Media Matters

*  “Hardball with Chris Mathews” is no more. Mathews is out after too many gaffes–from a bad Bernie analogy to misidentifying black politicians to confusing Fiona Hill with Anita Hill to awkward comments to female guests.

What apparently was not the determinative issue, however, is something that was a long-running “feature” of his 7 p.m. MSNBC slot. He was a serial, staccato interrupter who too often talked over his guests. He was on the correct, non-Fox side of the spectrum, served in the Peace Corps and worked for Tip O’Neill and Jimmy Carter, but he also, alas, personified the show-business niche that political cable talk shows blatantly inhabit. The format doesn’t encourage civil discourse on the issues of the day; it’s about conflict. Otherwise, they would be emulating PBS or C-SPAN, which are not ratings-and-sponsors driven.

* If you’re a journalist, you ask questions. Some of them are cut-to-the-chase: “Yes or no” or “Do you or don’t you … .” It comes with the inquisitorial, information-gathering charge. It also comes with caveats. Good luck trying to elicit a yes or no response from politicians with a lot to lose if they miscalculate with a response that’s too candid.

And there’s a sure vernacular sign that equivocal spin is on the way when the subject’s first word of response to “Yes or No?” is “Look, … “ or “Listen, …” It’s just that it happens all the time now–an exercise in buying time until pivoting to a self-serving agenda topic.

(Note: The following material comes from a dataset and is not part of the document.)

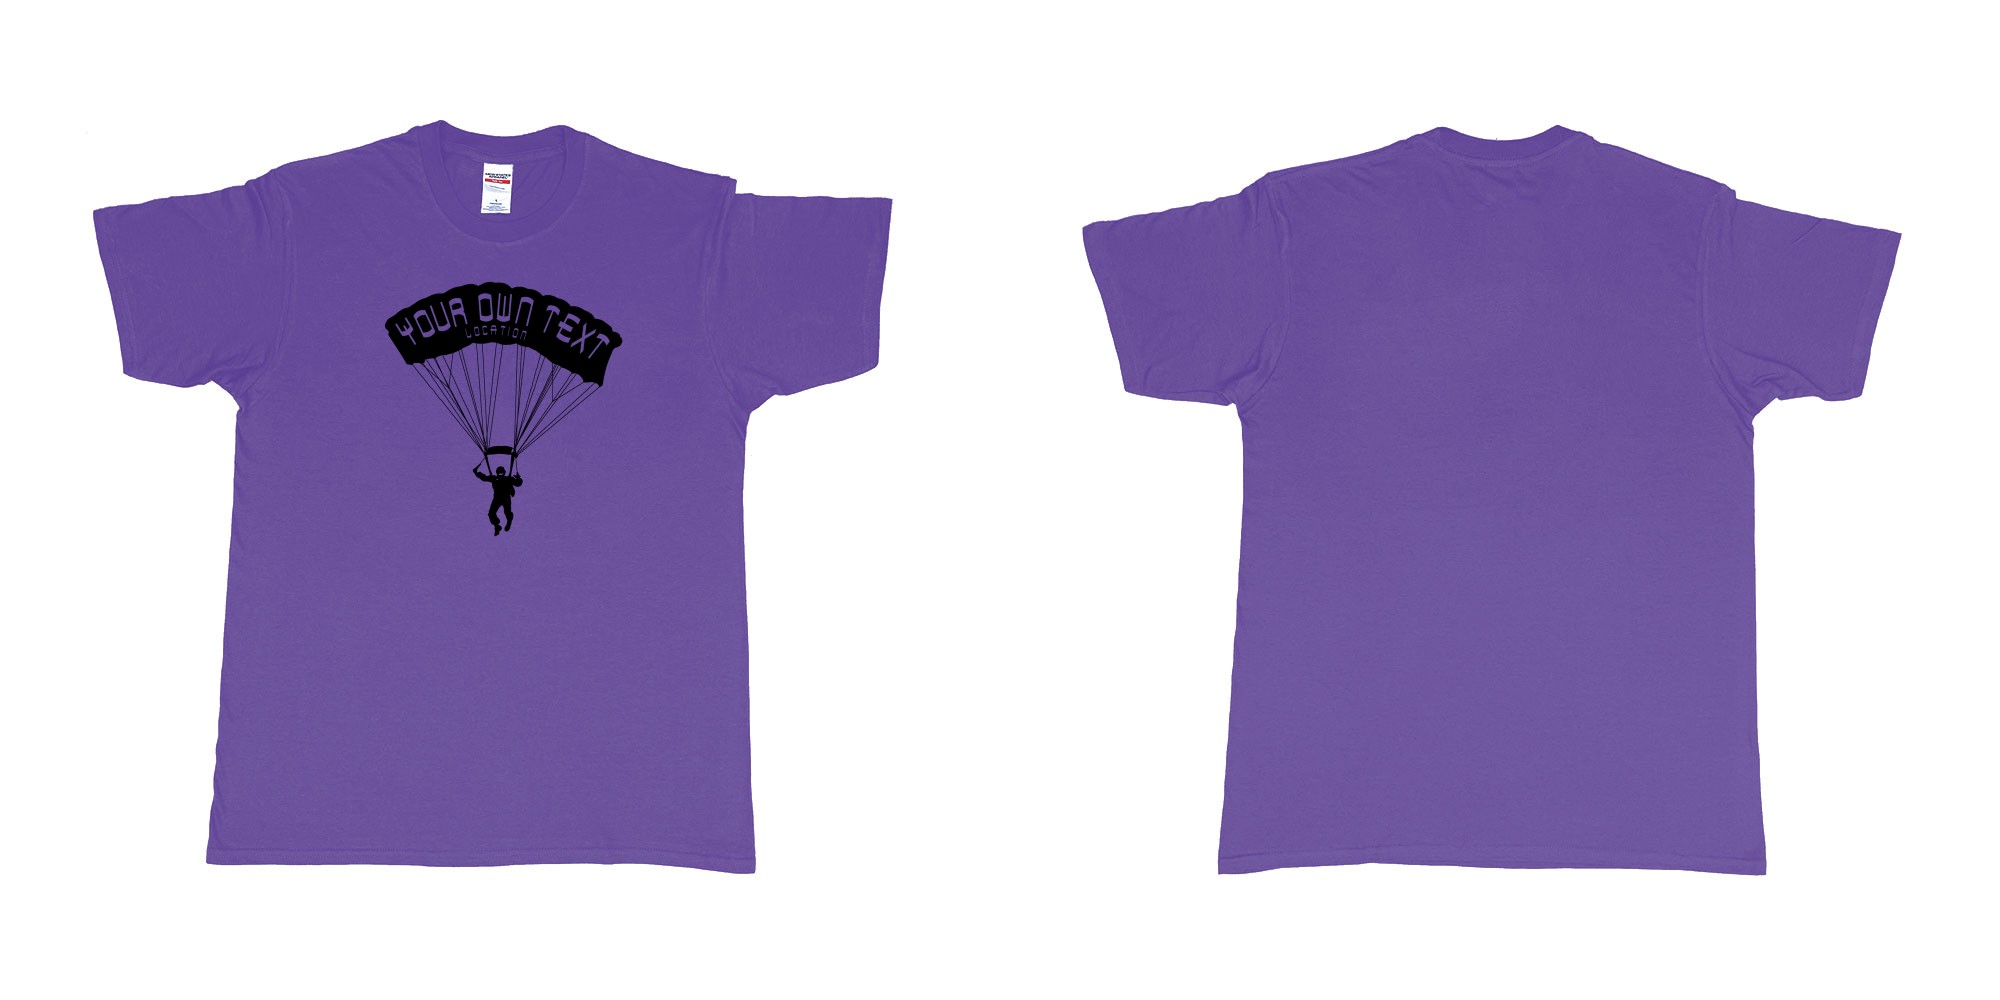 Custom tshirt design skydiver club custom print in fabric color purple choice your own text made in Bali by The Pirate Way

* We’re all too familiar with the financial challenges at the Tampa Bay Times. It’s reflected in staffing and content and pig perfuming. From proofreaders to news judgment to sheer volume. While it’s not the most important or glaring example, it was still surprising to pick up Sunday’s sports section and see the Tampa Bay Lightning’s big win–arguably the biggest of the season so far–in Boston buried on page 6 of the Sports section. The front page was already spoken for: features on basketball broadcaster Dick Vitale and Tampa Bay Vipers defensive coordinator Jerry Glanville plus a major auto racing piece on digital drivers. Priorities?

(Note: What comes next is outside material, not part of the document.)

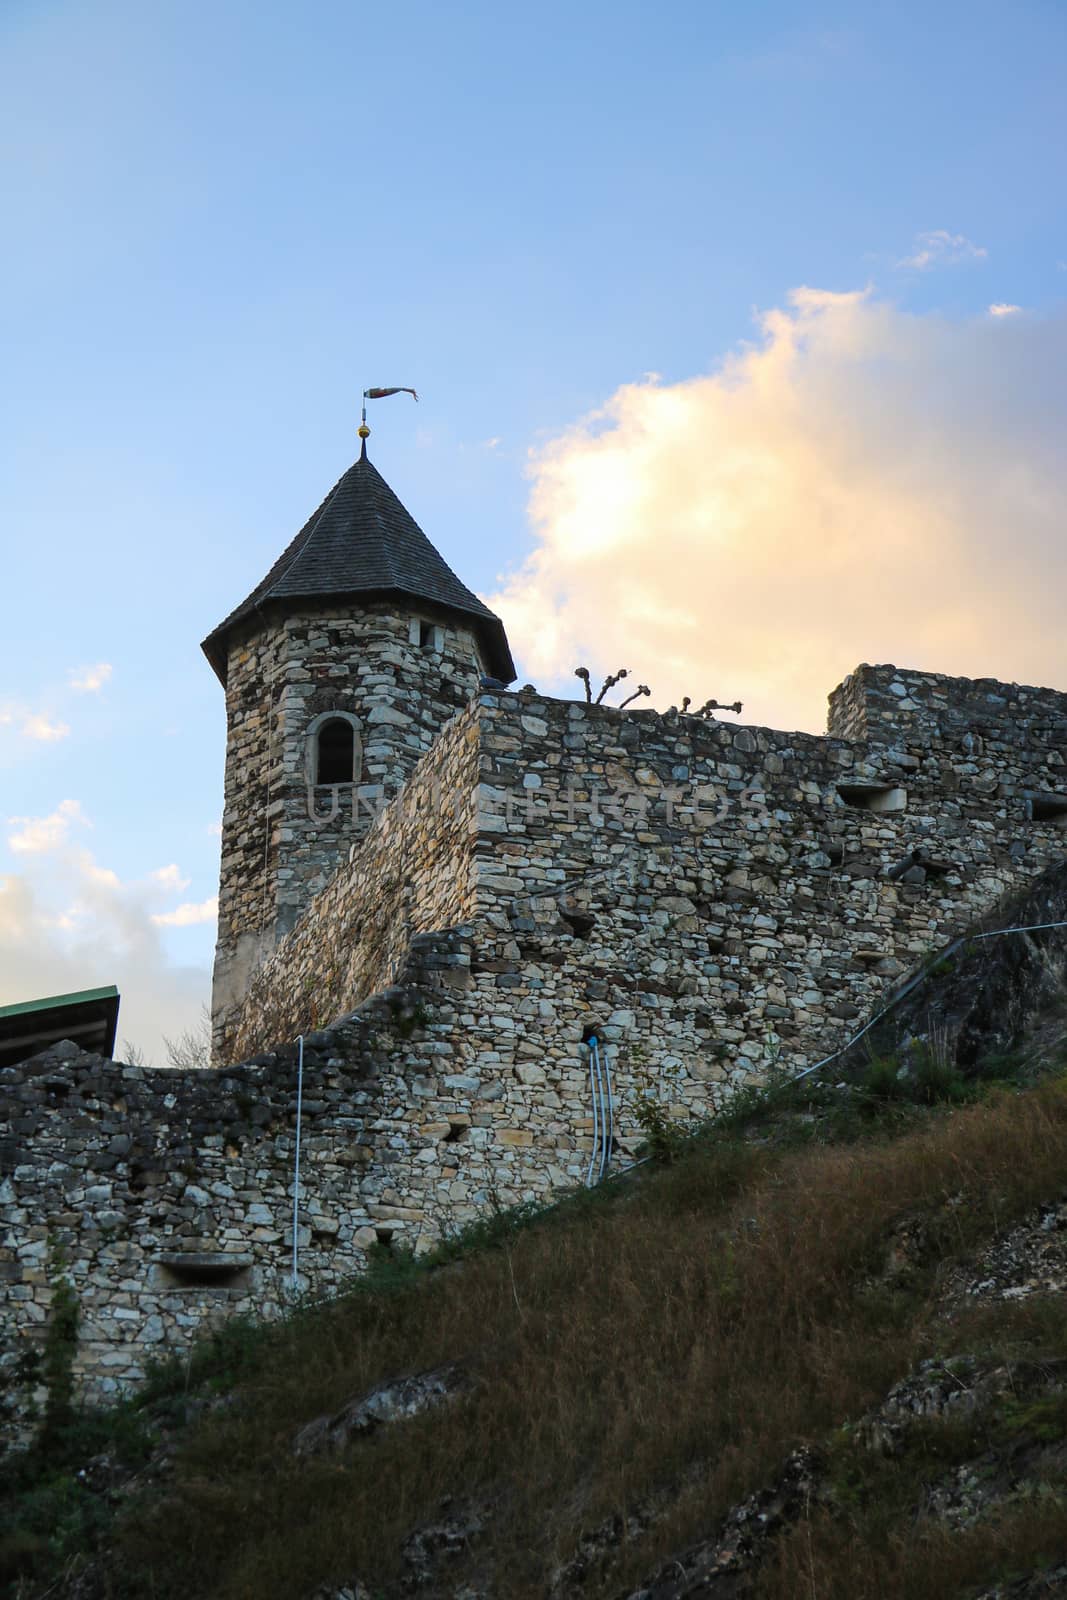 Fragment of an old castle with a stone wall

* There’s something inherently weird about a bunch of people laughing and applauding at the closing bell at the New York Stock Exchange on a day that registered a sobering, record loss. But it likely looked good on Facebook.

* Questlove is known in pop culture circles as a founding member of the Roots and the bandleader and drummer on “The Tonight Show Starring Jimmy Fallon.” I also know him as the son of Lee Andrews–of “Lee Andrews and the Hearts,” a Philly group from back in the Doo-Wop days. His father’s group also played at my La Salle High senior prom. TMI, I know.